* [Requirement]:
Would you restate the full listing word for word and omit its pictures?

* [Collected material]:
_____

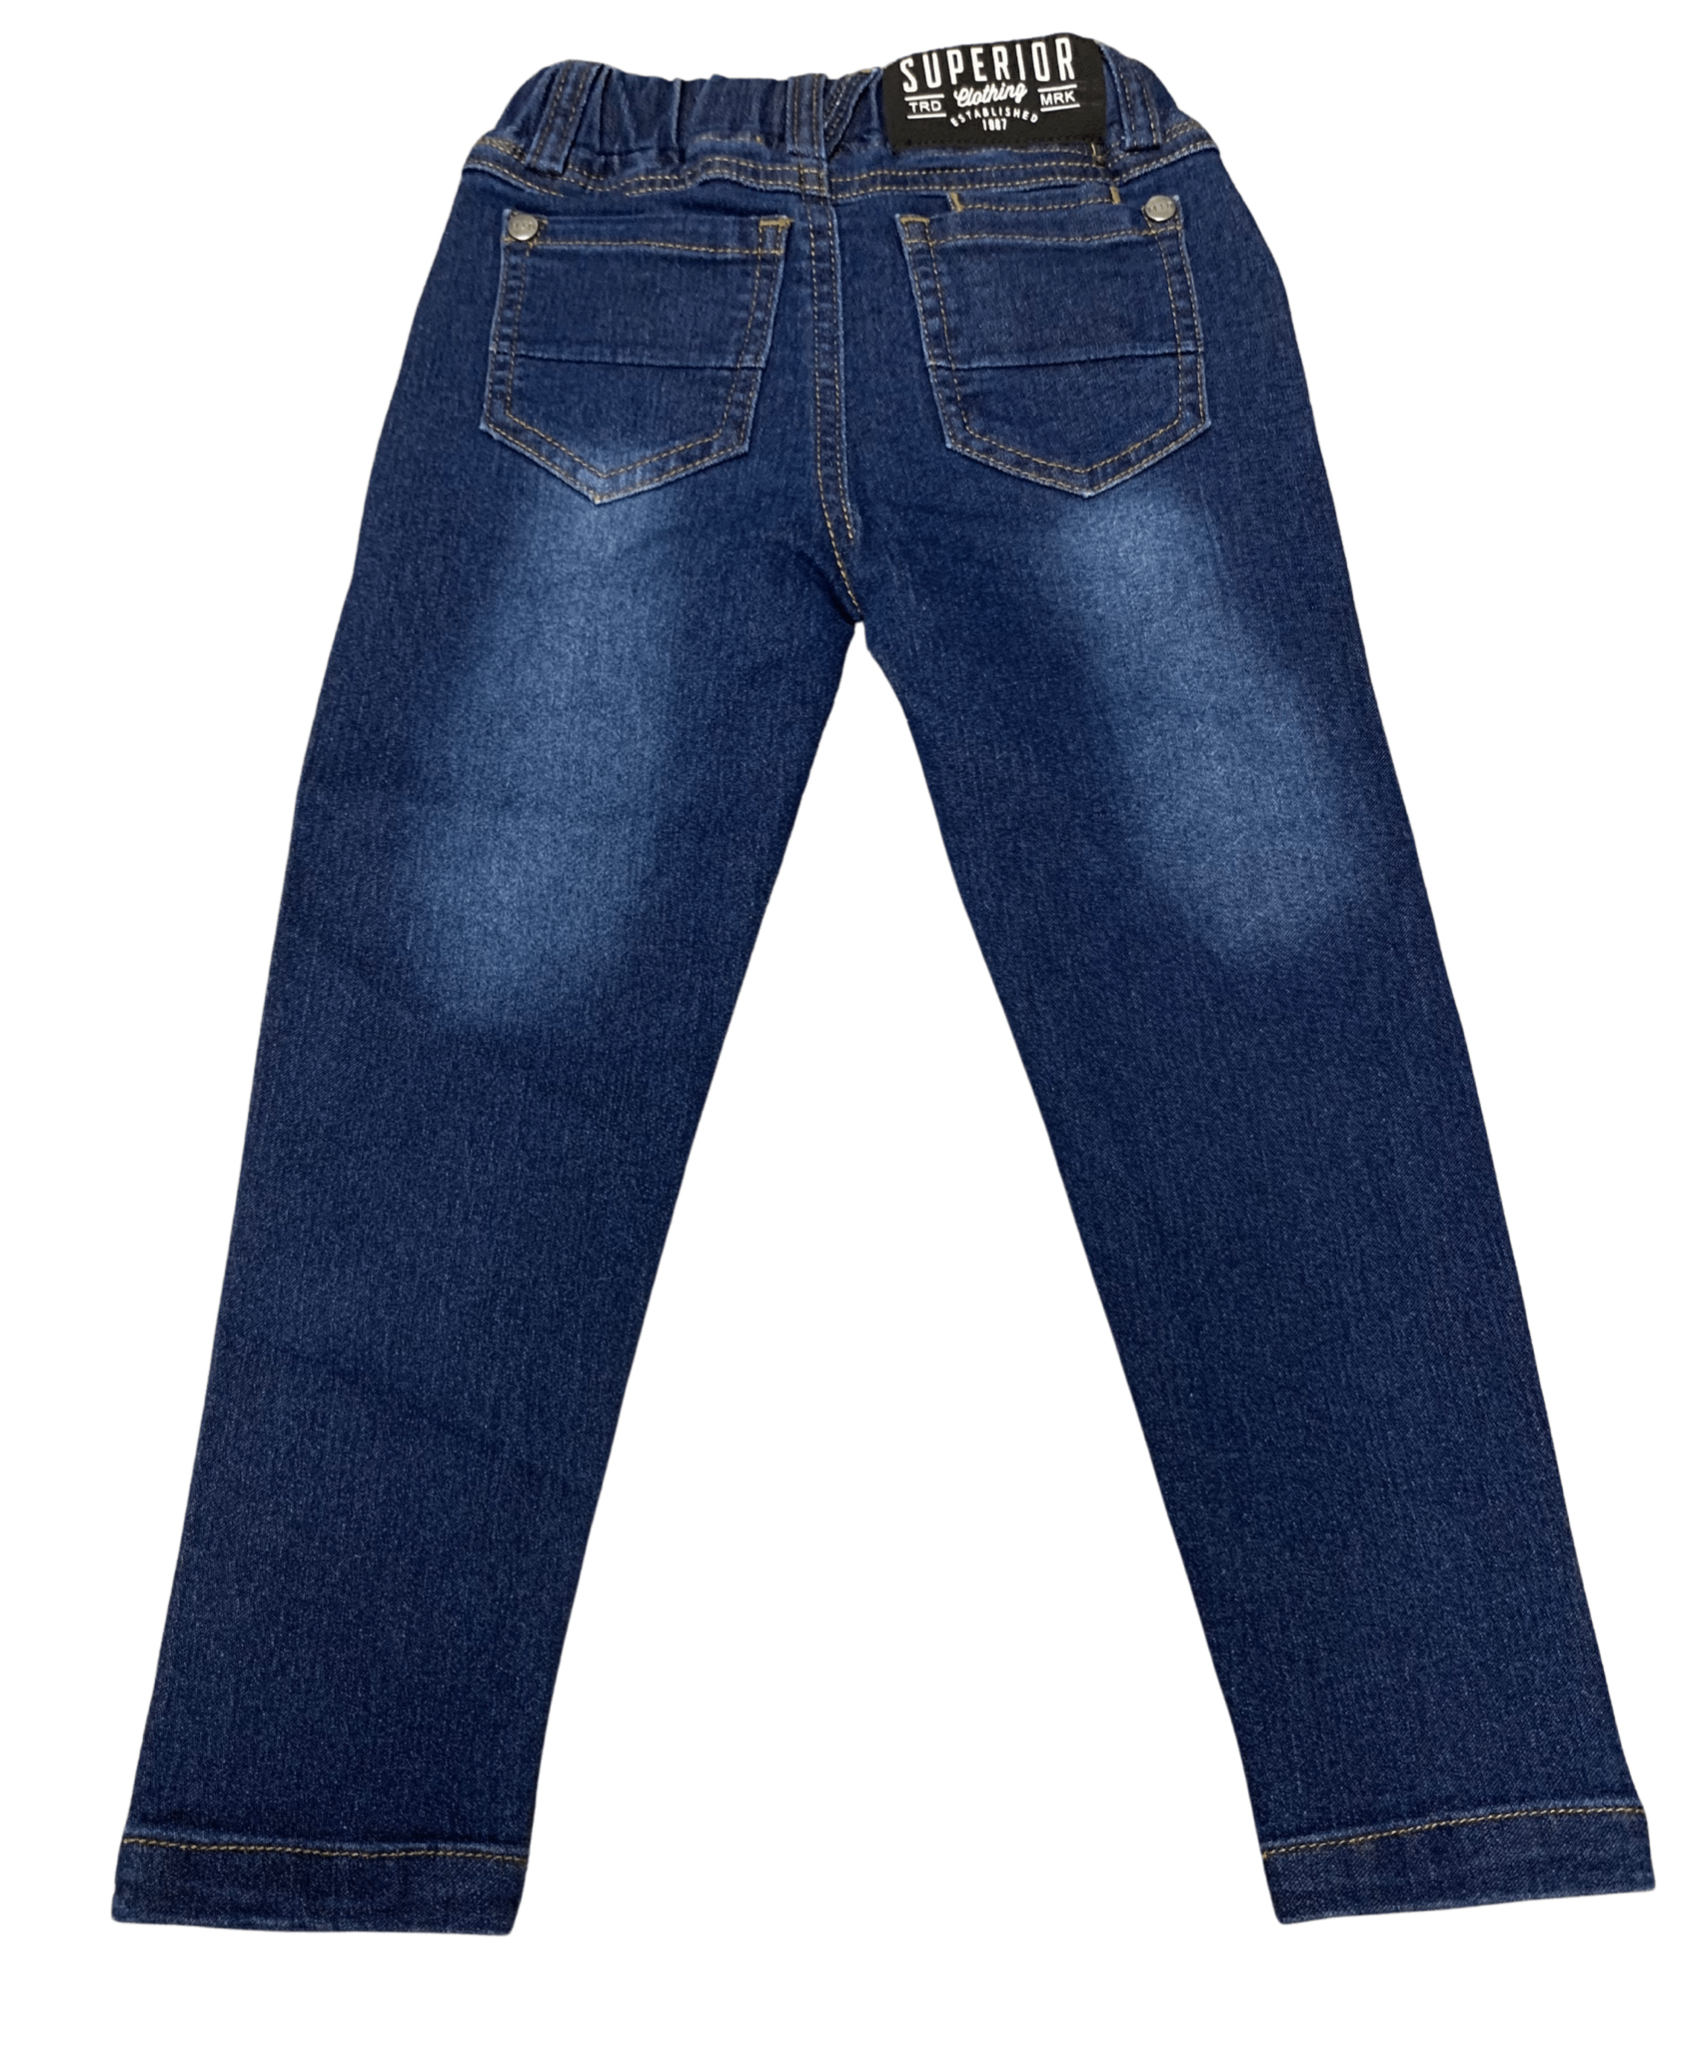 M.I.D - Pantalon en jean, bleu foncé
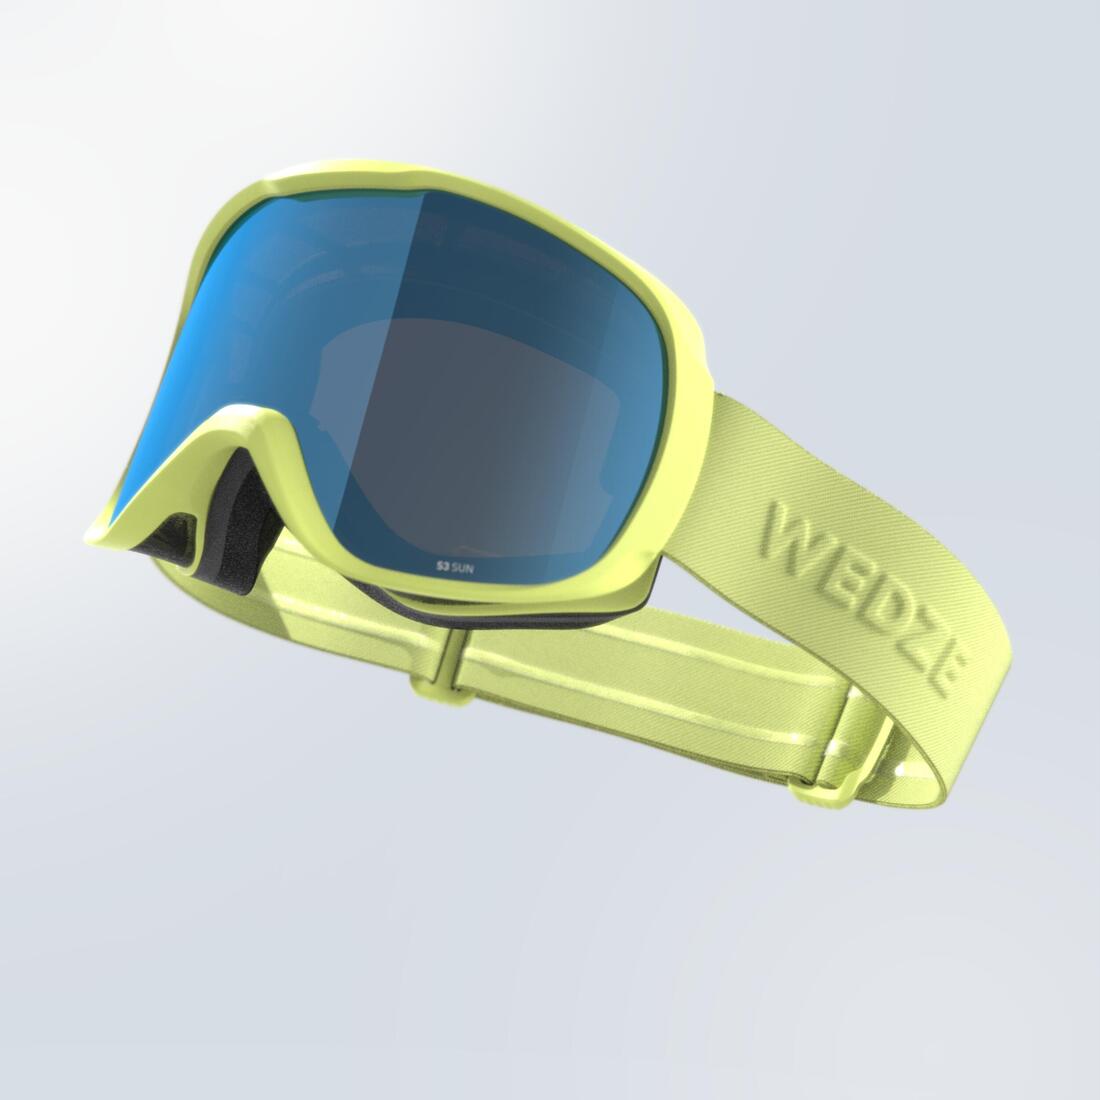 WED'ZE(ウェッゼ) スキー・スノーボード ゴーグルG 500 W 晴天用
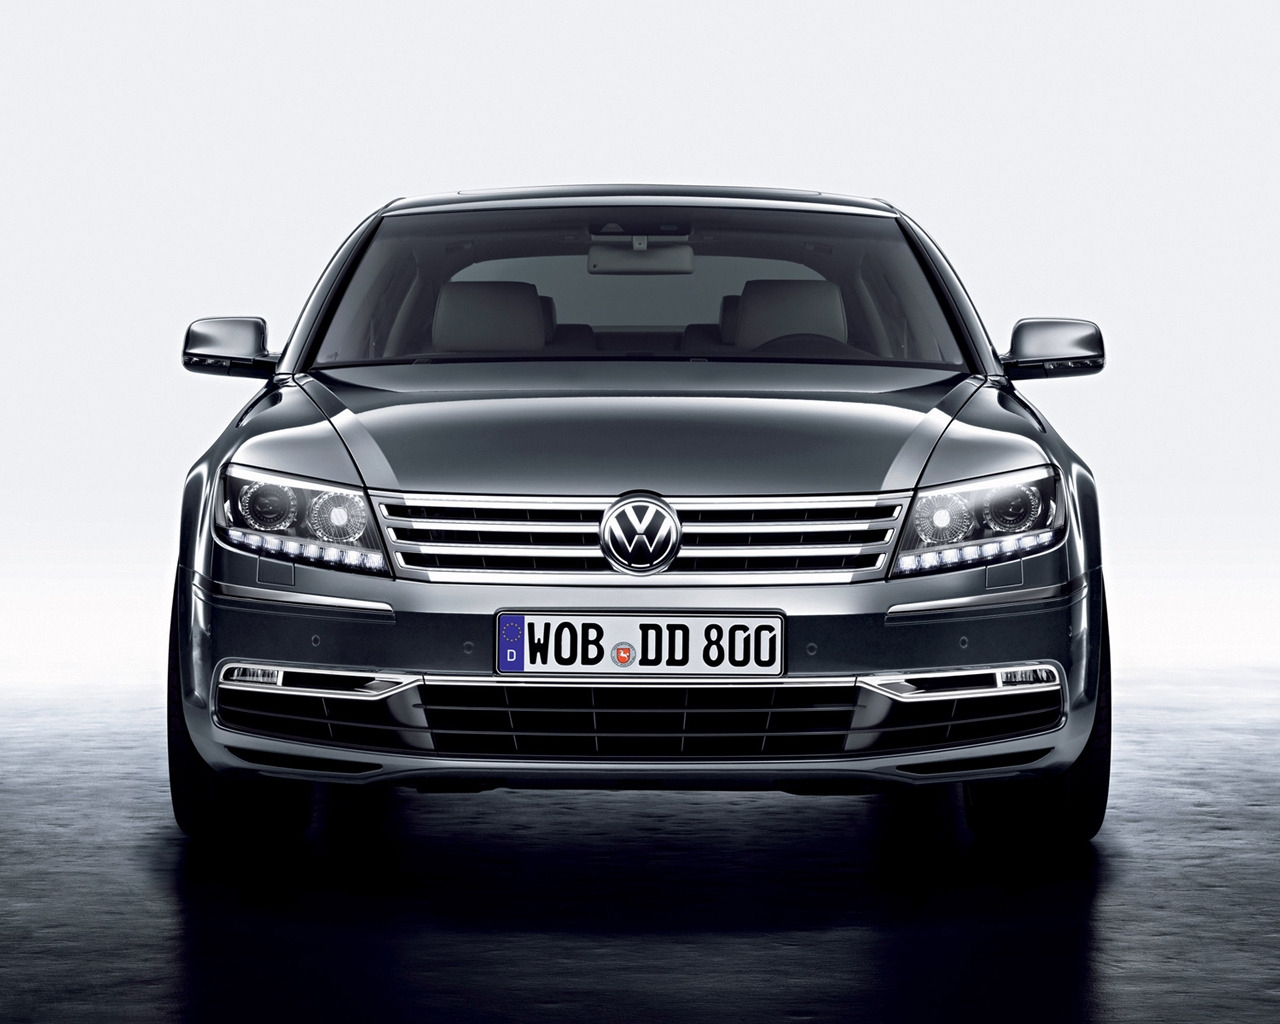 Volkswagen Phaeton Front for 1280 x 1024 resolution

_____

* [Response below]:
 M.I.D - Pantalon en jean, bleu foncé
 WED'ZE(ウェッゼ) スキー・スノーボード ゴーグルG 500 W 晴天用
 Volkswagen Phaeton Front for 1280 x 1024 resolution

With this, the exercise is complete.